The Component Introducer/Mixer Assembly
[0065] Before mixing, the components for the material composition
are housed in the formative component assembly 18 contained in the
kit 14 (see FIG. 1), which will be described in greater detail
later.
[0066] As FIG. 10 shows, the proximal end of the introducer/mixer
assembly 22 includes a length of flexible intermediate tubing 58
that couples to the port 56 of the y-adapter/handle 38. The distal
end of the assembly 22 includes a luer fitting 84 that couples to
the formative component assembly 18 (see also FIG. 13).
[0067] Communicating with the tubing 58 in the direction of flow
into the passage 54, are an in-line syringe activated check valve
86, an in-line mixer 88, and an in-line air accumulator 90.
[0068] The in-line syringe activated check valve 86 can take
various forms. In the illustrated embodiment, the valve 84 takes
the form of a conventional, needleless slip luer lock valve made by
Qosina (Edgewood, N.Y.), Product Number 80360. The valve 84 is
normally closed to prevent back flow of blood or other liquid
material through the tubing 58. Back flow of blood, in particular,
from the passage is undesirable, as it creates the potential for
blood contact and deposits material in the introducer/mixer
assembly 22 that can interfere or compete with the desired reaction
between the liquid components that form the material composition.

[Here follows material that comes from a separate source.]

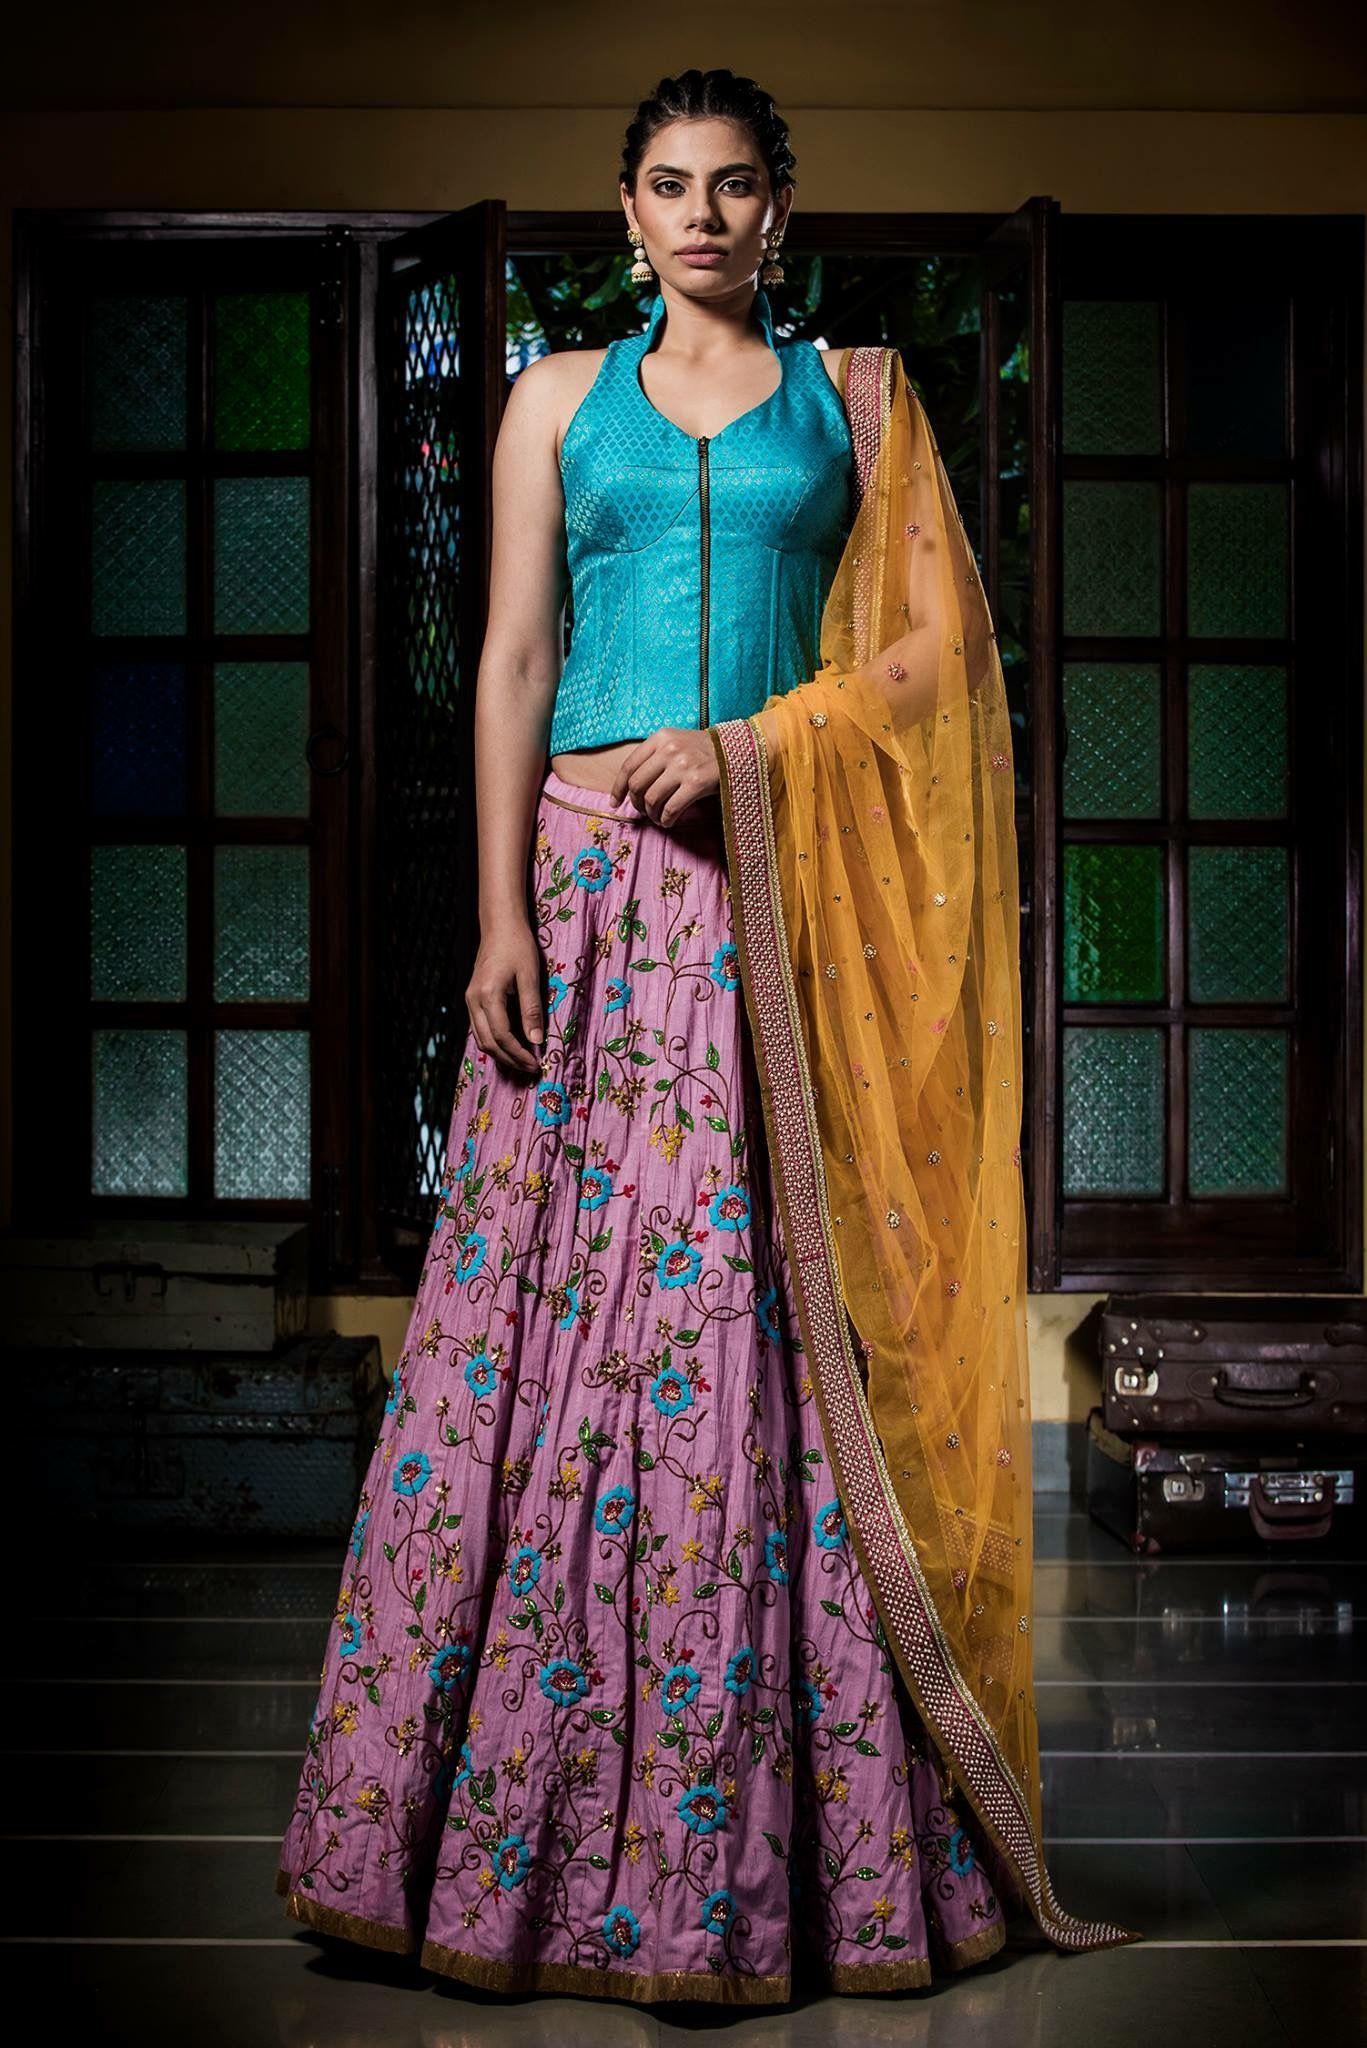 Pin by Spandana Reddy Sappidi on Dresses,sarees,lehangas | Pinterest ...

Connection of a conventional luer fitting carried by the formative
component assembly 18 (for example, fitting 132 shown in FIGS. 10
and 13) opens the valve 86 to allow the introduction of the liquid
components that form the material composition.
[0069] The components of the material composition come into contact
in the liquid state in the in-line mixer 88. In this way, effective
mixing can be achieved outside the catheter assembly 20 that is not
dependent solely upon the dimensions or lengths of the flow paths
within the catheter assembly 20. The mixer 88 comprises a mixing
structure, which can vary. For example, the mixer 88 can comprise a
spiral mixer manufactured by TAH Industries, Inc. (Robbinsville,
N.J.), Part Number 121-090-08.
[0070] The in-line air accumulator 90 comprises a chamber that has
an interior volume sized to trap air that can reside in the
material composition applicator at time of use.
The Formative Component Assembly
[0071] The components forming the material composition can vary.
Generally speaking, however, the components will include a solid
component and a liquid component, which serves as a diluent for the
solid component. Mixing of these two components initiates a
chemical reaction, by which the liquid mixture transforms into a
solid composition. It is the purpose of the formative component
assembly 18 to facilitate the mixing of these two components and
introduction of the mixture into the introducer/mixer assembly 22
and delivery to the catheter assembly 20.
[0072] The formative component assembly 18 can comprise individual
syringes in which the components are separately contained. Further
details of this arrangement are disclosed in copending U.S. patent
application Ser. No. 09/187,384, filed Nov. 6, 1998 and entitled
"Systems and Methods for Applying Cross-Linked Mechanical
Barriers," which is incorporated herein by reference.
[0073] With reference to FIG. 8, an alternative arrangement
provides a unitary applicator 92 in which a vial 94 holding a solid
component 96 and a syringe 98 holding a liquid component 100 can be
placed and kept separate in interior compartments.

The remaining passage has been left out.